Speaker
Description
Approaches towards tendon microarchitecture through melt electrowriting and melt-electrofibrillation
Jürgen Groll
Department of Functional Materials in Medicine and Dentistry at the Institute for Functional Materials and Biofabrication & Bavarian Polymer Institute, University of Würzburg, 97070 Würzburg, Germany
Melt electrowriting (MEW) is a relatively young additive manufacturing technology that exploits the focused deposition of a viscous thermoplast-melt thread onto a grounded target when ejected from a spinneret under voltage [1]. It enables the production of highly defined scaffold geometries built of fibers with diameters in the lower micrometer range [2].

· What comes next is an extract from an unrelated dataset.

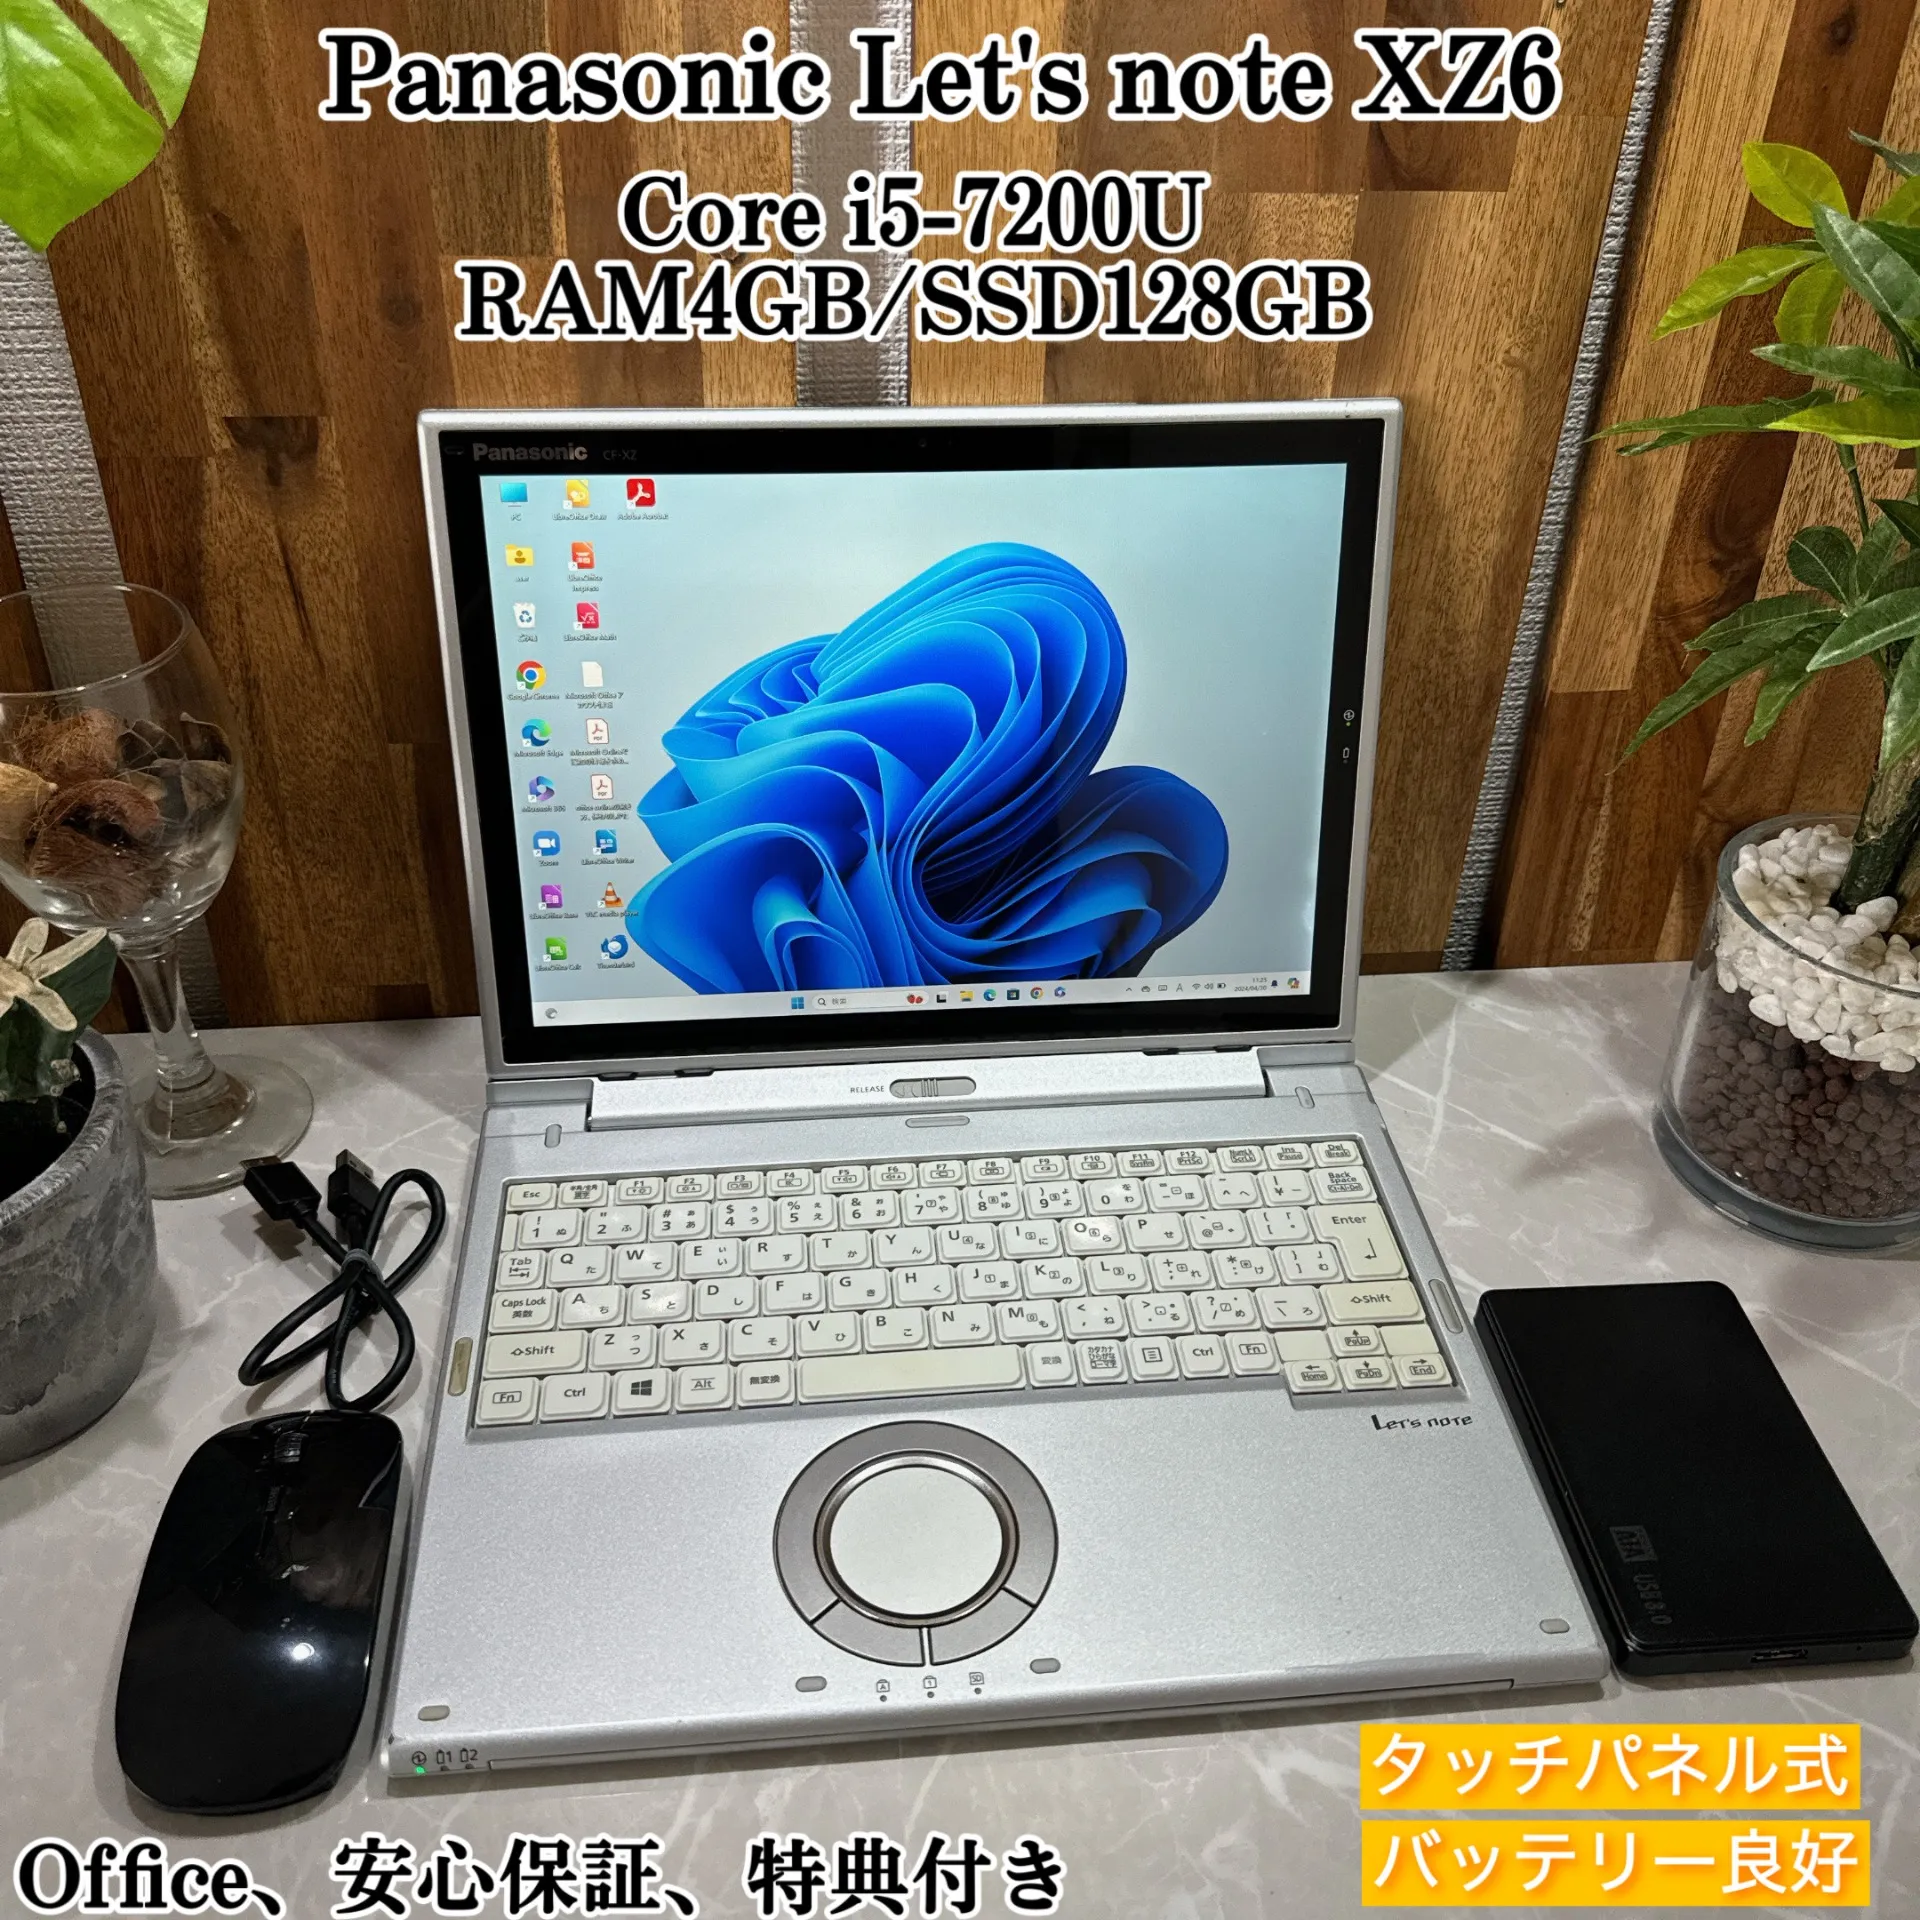 Let's note XZ6☘️Core i5第7世代☘️メモリ4G☘️SSD128G【VKHRC2404007】
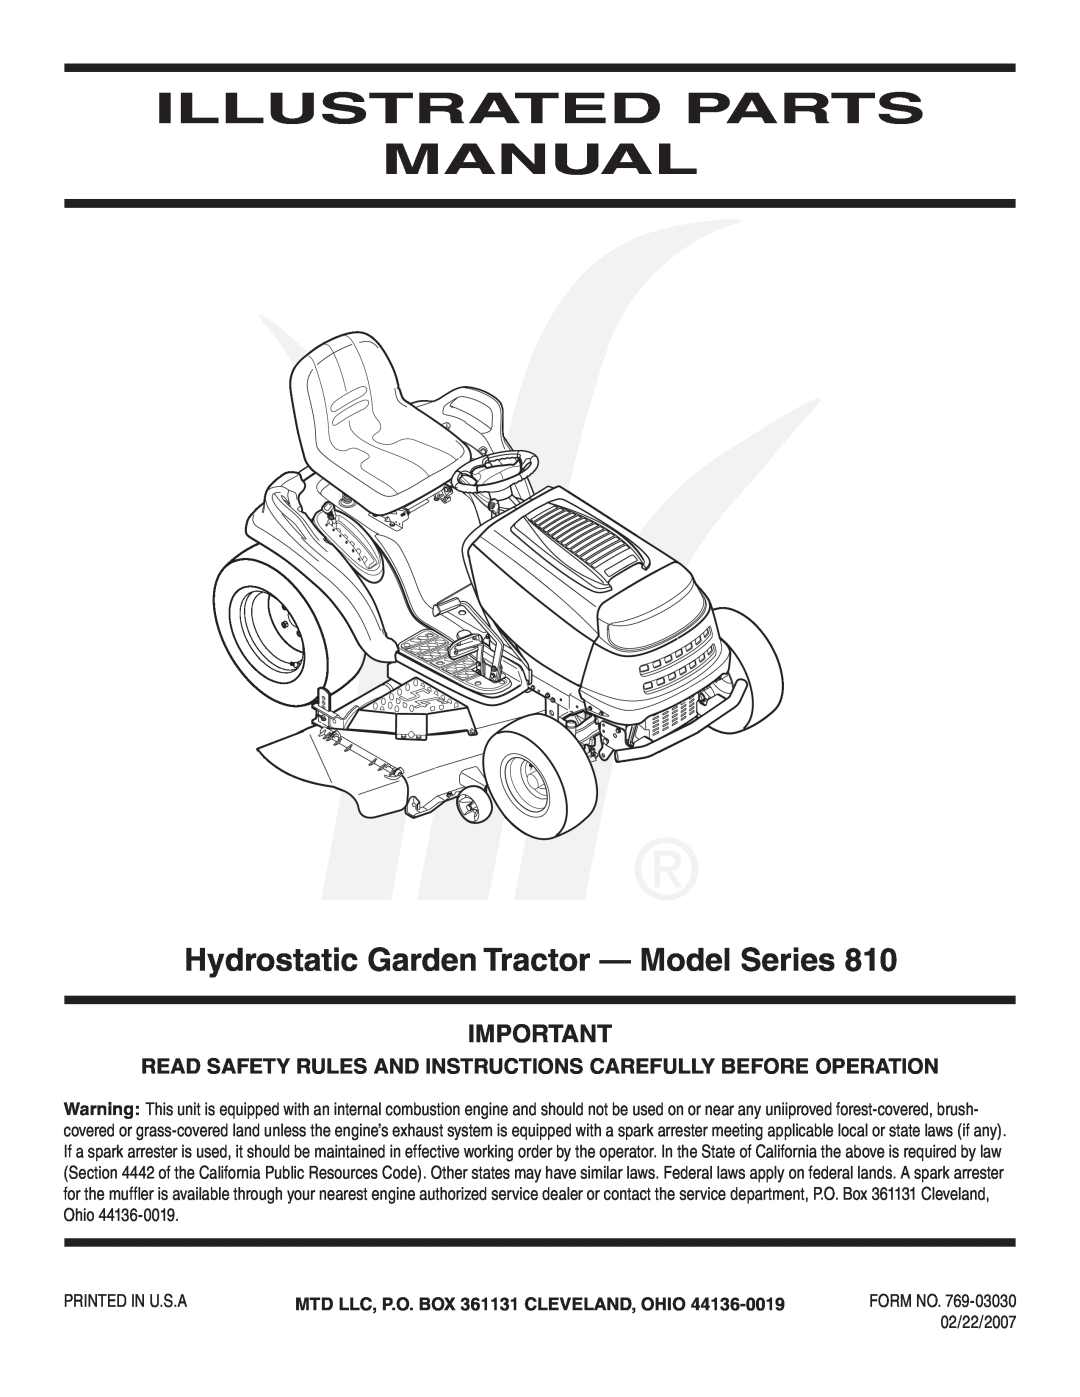 MTD 810 manual Read Safety Rules And Instructions Carefully Before Operation, MTD LLC, P.O. BOX 361131 CLEVELAND, OHIO

This lecture will first demonstrate how MEW can be used to fabricate regular sinusoidal waved structures that mimic the morphology of tendons and the typical mechanical behavior [3]. The lecture will then shift towards exploiting the use of polymer-blends for MEW with a certain blend-immiscibility and a selective solubility after processing. At the example of PCL/PVAc the lecture will demonstrate that collagen mimetic bundles of nanofibrils with diameters far below the printing resolution of MEW can be achieved this way. A couple of specific topographic effects of the resulting collagen-mimetic PCL fibrillar constructs will be resented and discussed [4], including some most recent and so far unpublished results.
References
1) T.D. Brown, et al: Direct writing by way of melt electrospinning. Advanced Materials 2011, 23(47), 5651-7.
2) G. Hochleitner, et al: Additive manufacturing of scaffolds with sub-micron filaments via melt electrospinning writing. Biofabrication 2015, 7, 035002.
3) G. Hochleitner, F. Chen, C. Blum, P. D. Dalton, B. Amsden, J. Groll: Crimped elastomer scaffolds prepared through MEW with non-linear extension behaviour mimicking that of ligaments and tendons. Acta Biomaterialia 2018, 72, 110–120.
4) M. Ryma, et al: Translation of Collagen Ultrastructure to Biomaterial Fabrication for Material Independent but Highly Efficient Topographic Immunomodulation. Advanced Materials 2021, 33 (33), 2101228.